Practice item. Set the material below down again exactly, with no pictures.

[[ STORED DATA open ]]

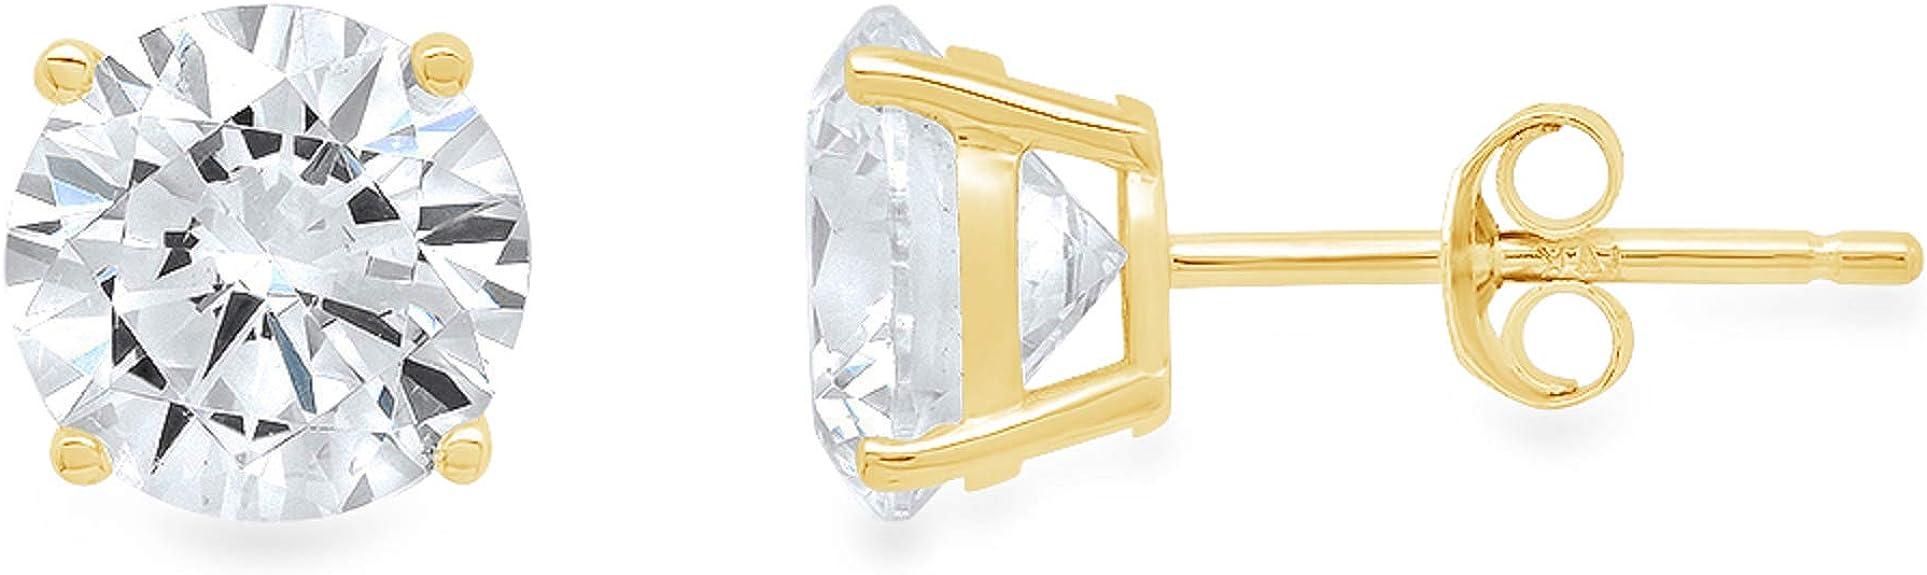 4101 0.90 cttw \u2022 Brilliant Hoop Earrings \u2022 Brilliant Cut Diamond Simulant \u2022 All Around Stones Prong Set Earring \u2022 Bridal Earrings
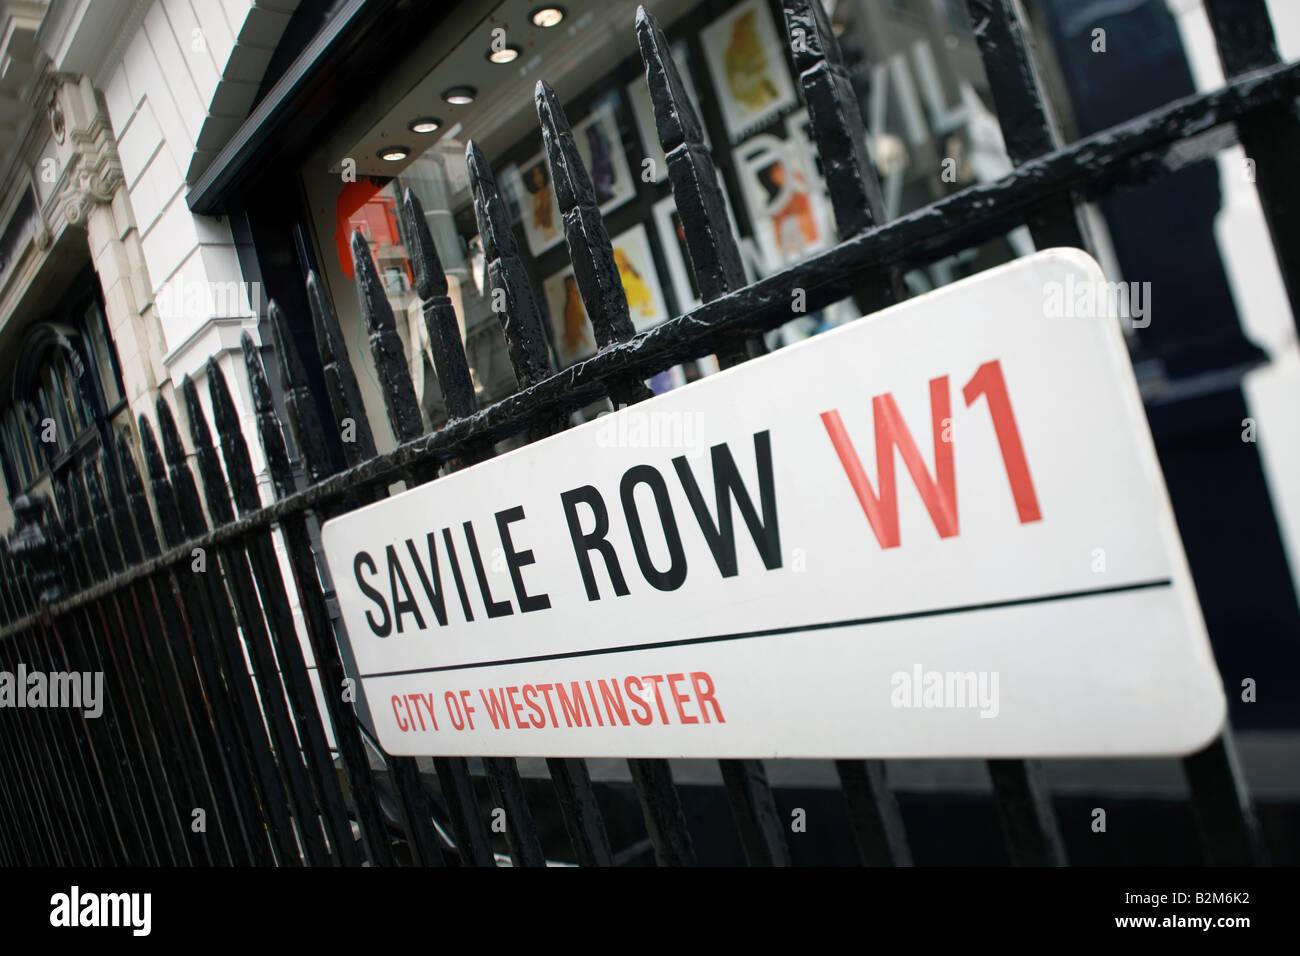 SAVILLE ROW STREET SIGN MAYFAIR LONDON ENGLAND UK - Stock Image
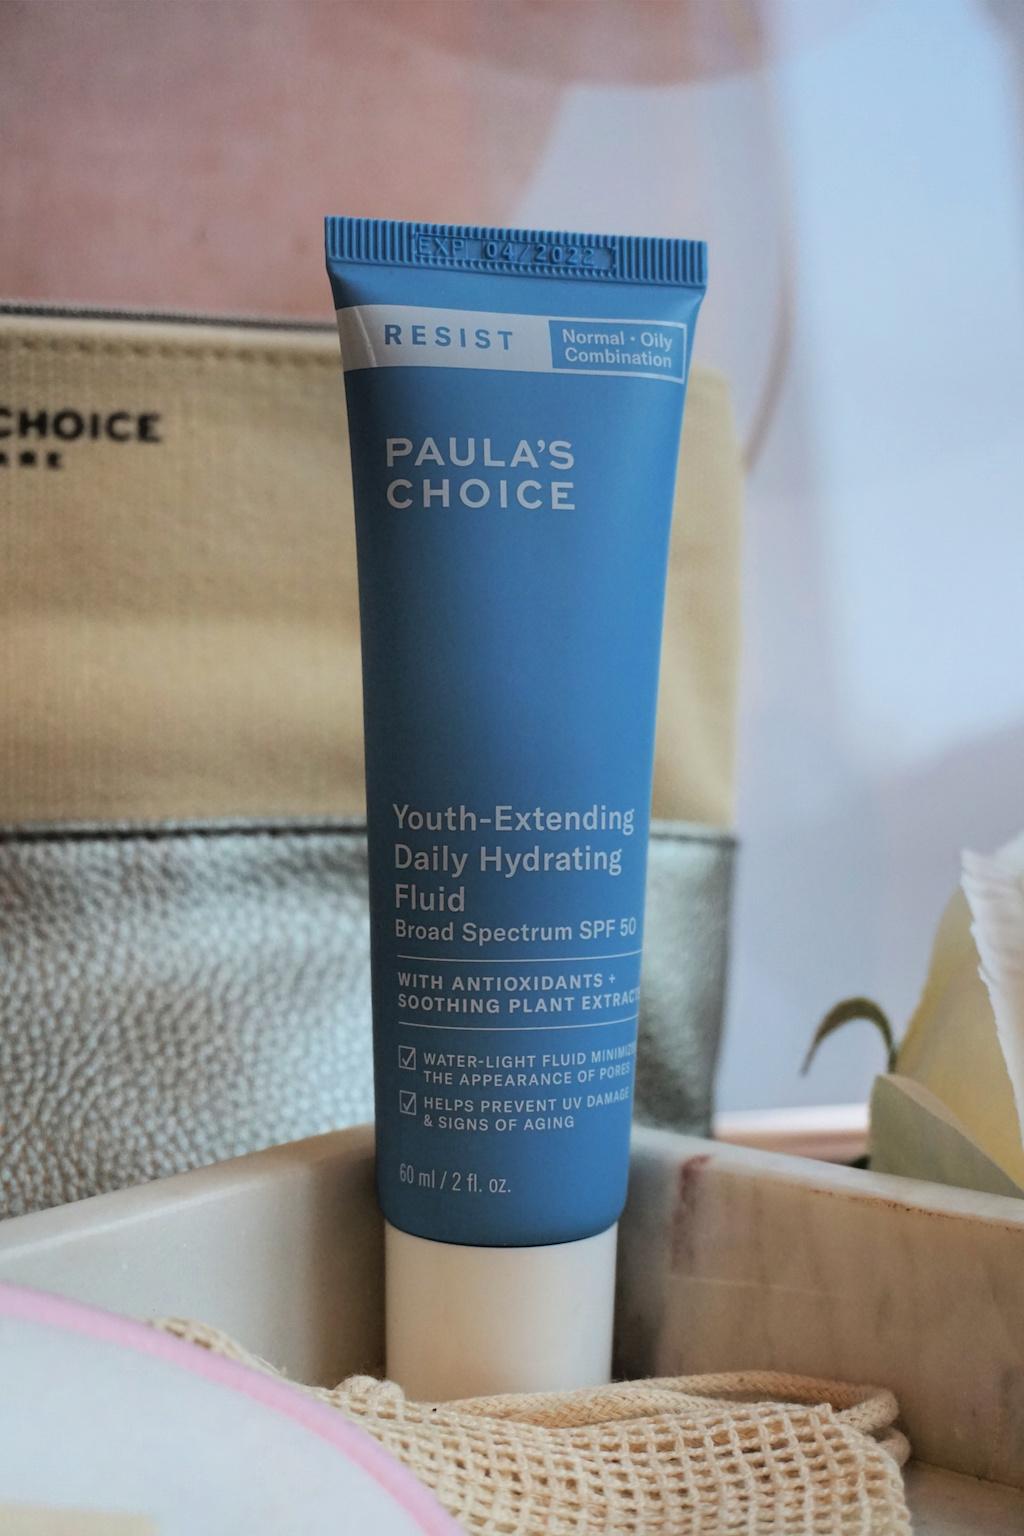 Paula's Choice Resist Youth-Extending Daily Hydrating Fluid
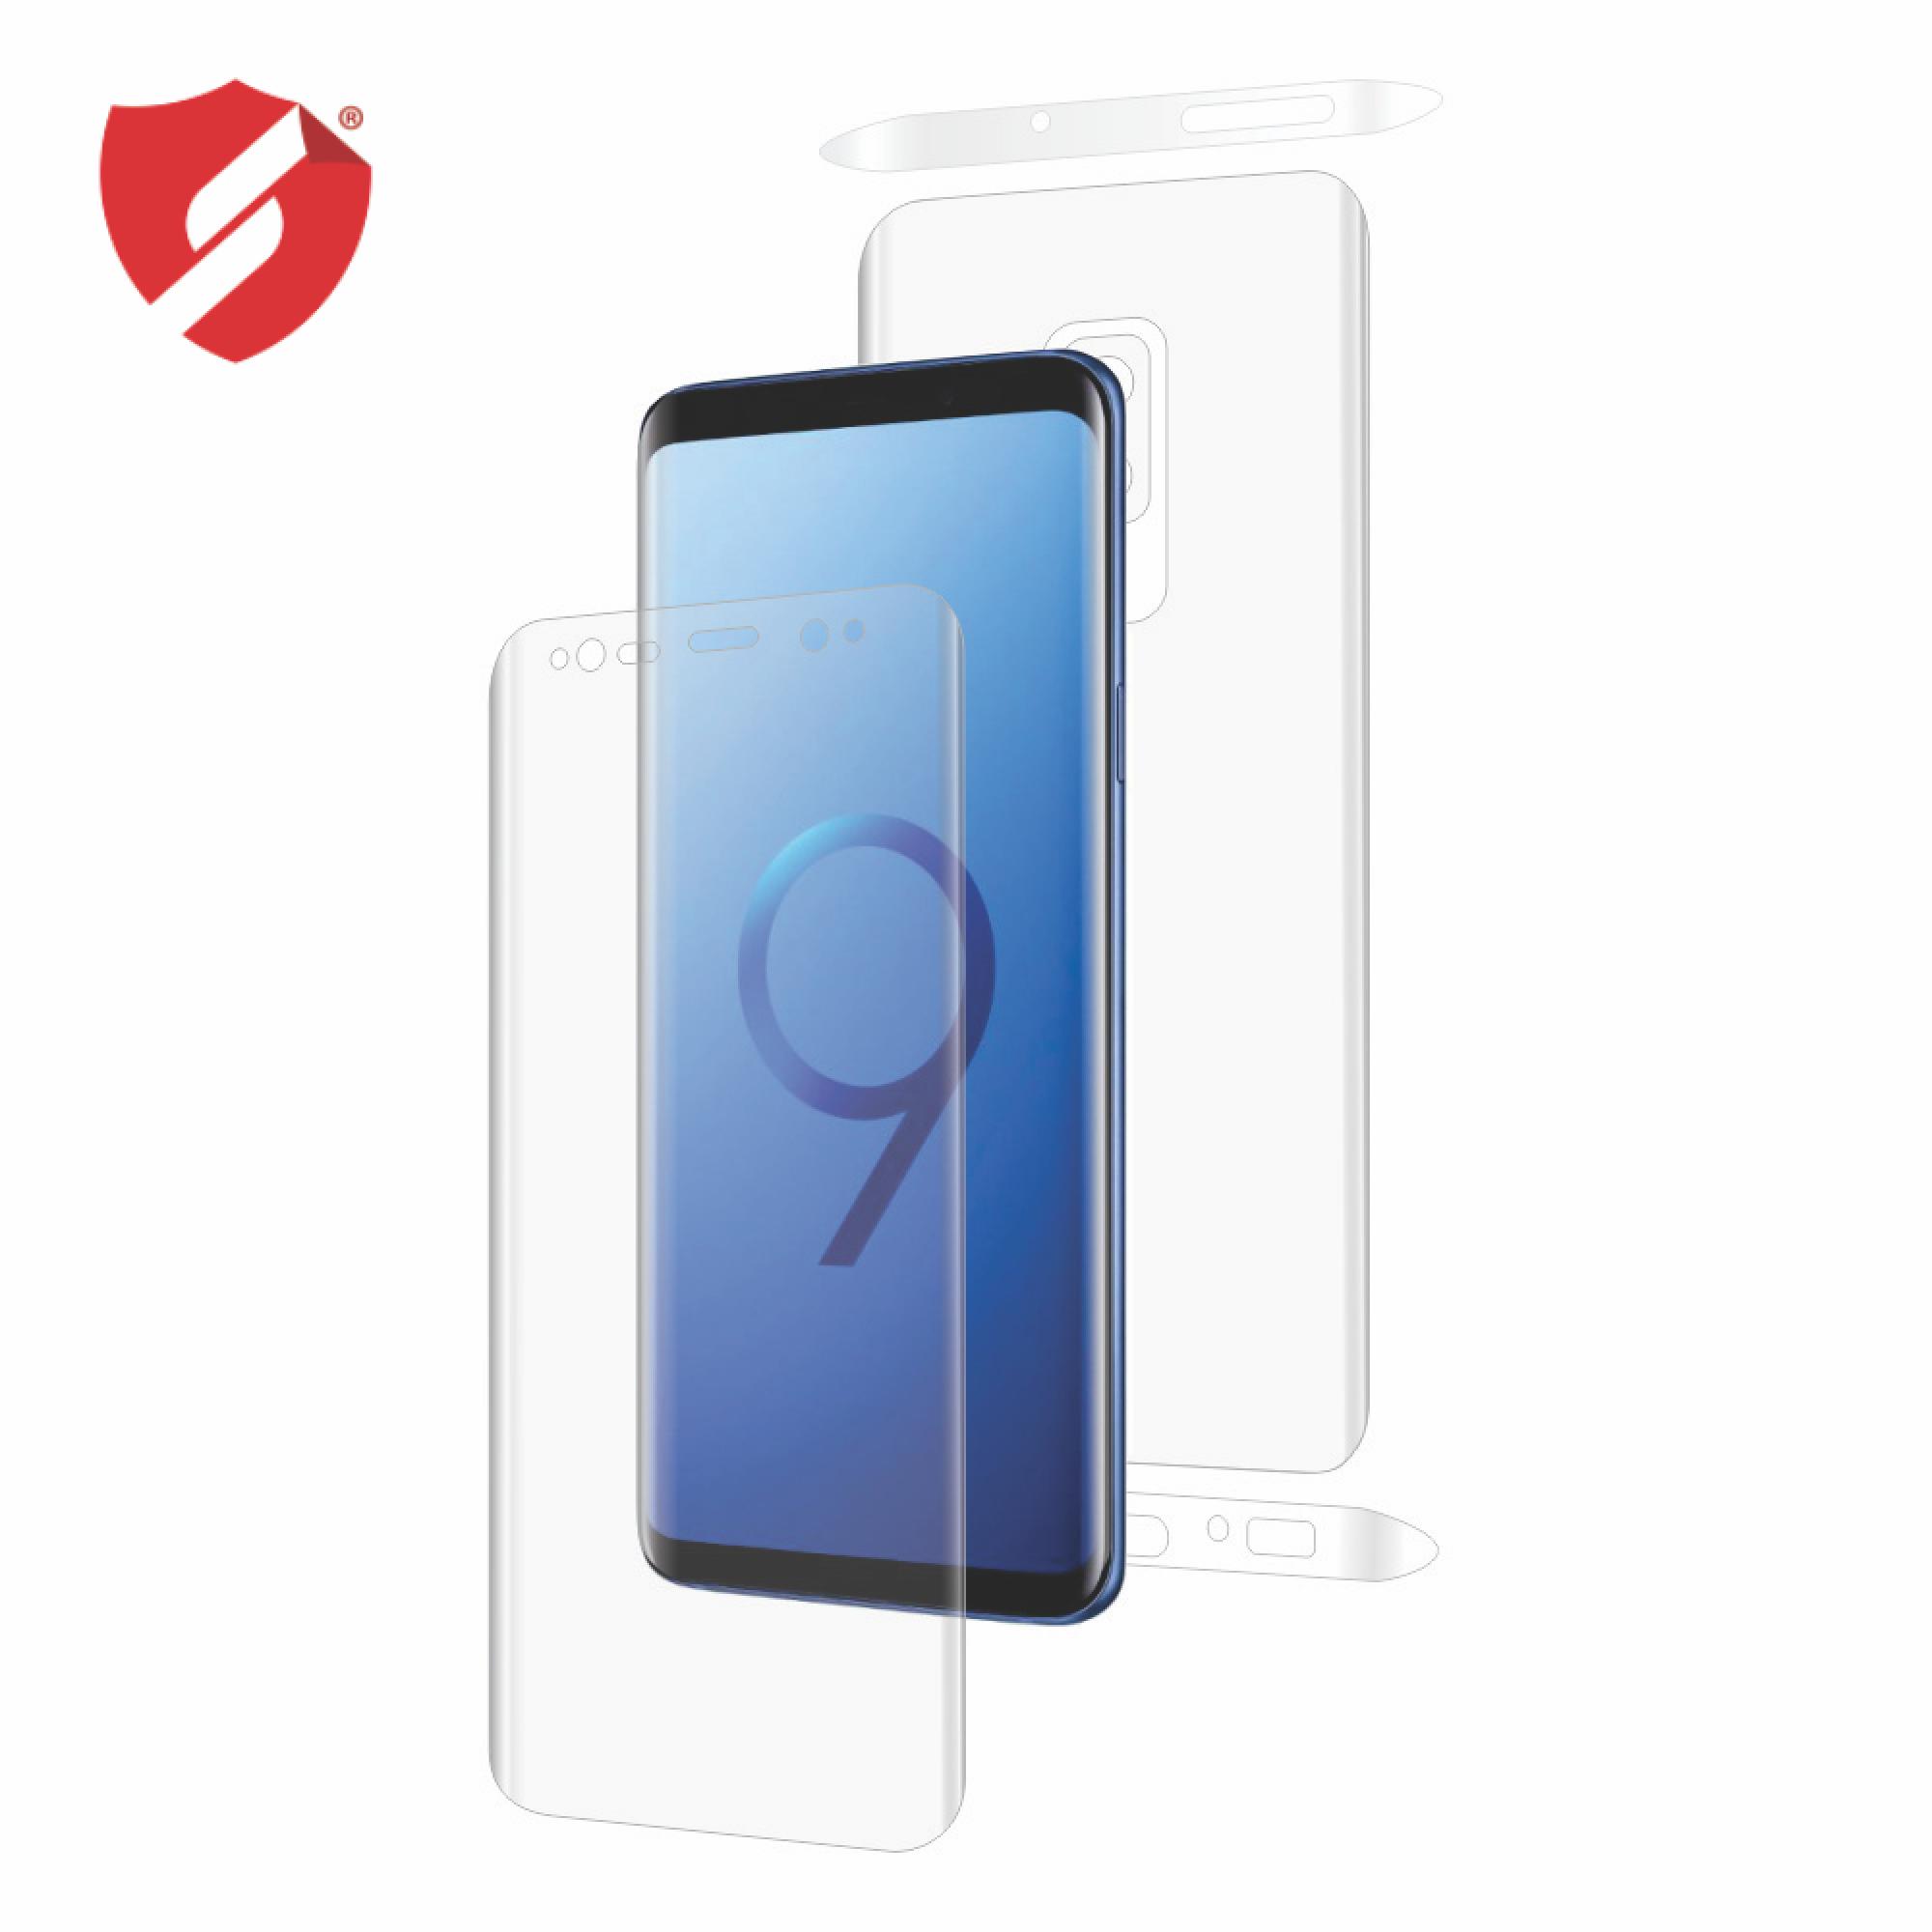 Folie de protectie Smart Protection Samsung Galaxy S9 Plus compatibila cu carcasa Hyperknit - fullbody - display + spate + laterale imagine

[[ STORED DATA closed ]]

**WRITTEN RESPONSE**
 4101 0.90 cttw \u2022 Brilliant Hoop Earrings \u2022 Brilliant Cut Diamond Simulant \u2022 All Around Stones Prong Set Earring \u2022 Bridal Earrings
 SAVILLE ROW STREET SIGN MAYFAIR LONDON ENGLAND UK - Stock Image
 Paula's Choice Resist Youth-Extending Daily Hydrating Fluid
 Folie de protectie Smart Protection Samsung Galaxy S9 Plus compatibila cu carcasa Hyperknit - fullbody - display + spate + laterale imagine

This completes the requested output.